MoFi Electronics - Now at Paragon

MoFi Electronics - Now at Paragon

Aug 13, 2017

Drawing on five decades of making the world’s best-sounding records at Mobile Fidelity Sound Lab studios, MoFi Electronics focuses on improving the sonic integrity of home-audio reproduction. Each product is the result of collaboration with some of the industry’s finest engineers and stems from years of studio experience. MoFi's turntables, cartridges, and phono preamplifiers are designed to spotlight what Mobile Fidelity Sound Lab continues to do with its famous Original Master Recordings: Getting you closer to what the original artist intended.

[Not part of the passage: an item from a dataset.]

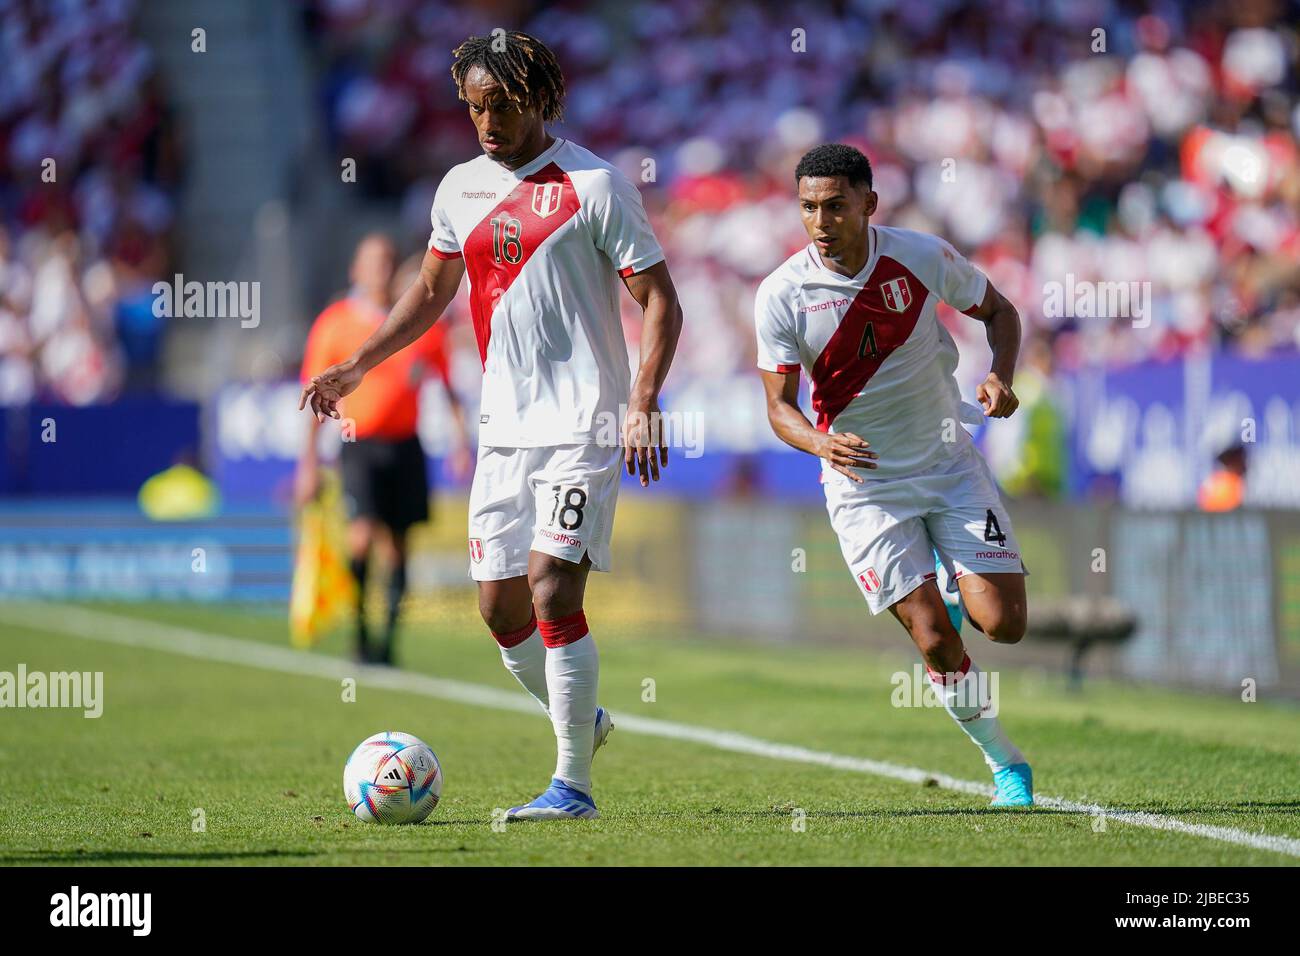 Barcelona, Spain. June 5, 2022, Andre Carillo and Marcos Lopez of Peru during the friendly match between Peru and New Zealand played at RCDE Stadium on June 5, 2022 in Barcelona, Spain. (Photo by Bagu Blanco / PRESSINPHOTO) Stock Photo

MOBILE FIDELITY TURNTABLES

Designed in collaboration with one of the world's foremost turntable and tonearm designers, Allen Perkins of Spiral Groove, and manufactured in Ann Arbor, Michigan, Mobile Fidelity turntables provide uncompromising playback of your vinyl collection and maintain the high standards of Mobile Fidelity Sound Lab. Advanced technology, user-friendly features, and unflappable design elements ensure phenomenal playback—ultimately bringing the sound of Mobile Fidelity’s famous studio into your home.

MOBILE FIDELITY CARTRIDGES

Designed in collaboration with Allen Perkins, Mobile Fidelity’s Japan-built phono cartridges follow the same layout as the cutting head responsible for making the grooves on vinyl LPs. Each boasts superb tracking sense, tremendous accuracy, and coloration-free performance. MoFi cartridges use a V-Twin dual-magnet generator that mirrors the design of a lathe’s stereo cutter head. Two powerful low-mass magnets are carefully aligned in parallel with the stereo record grooves to achieve excellent channel separation and detail retrieval true to the Original Master Recording.

MOBILE FIDELITY PHONOSTAGES

Developed by revered engineer Tim De Paravicini, the USA-made StudioPhono and UltraPhono prize simplicity, purity, precision, and control—the very characteristics responsible for producing audiophile clarity, unstinting accuracy, and breathtaking realism during analog playback.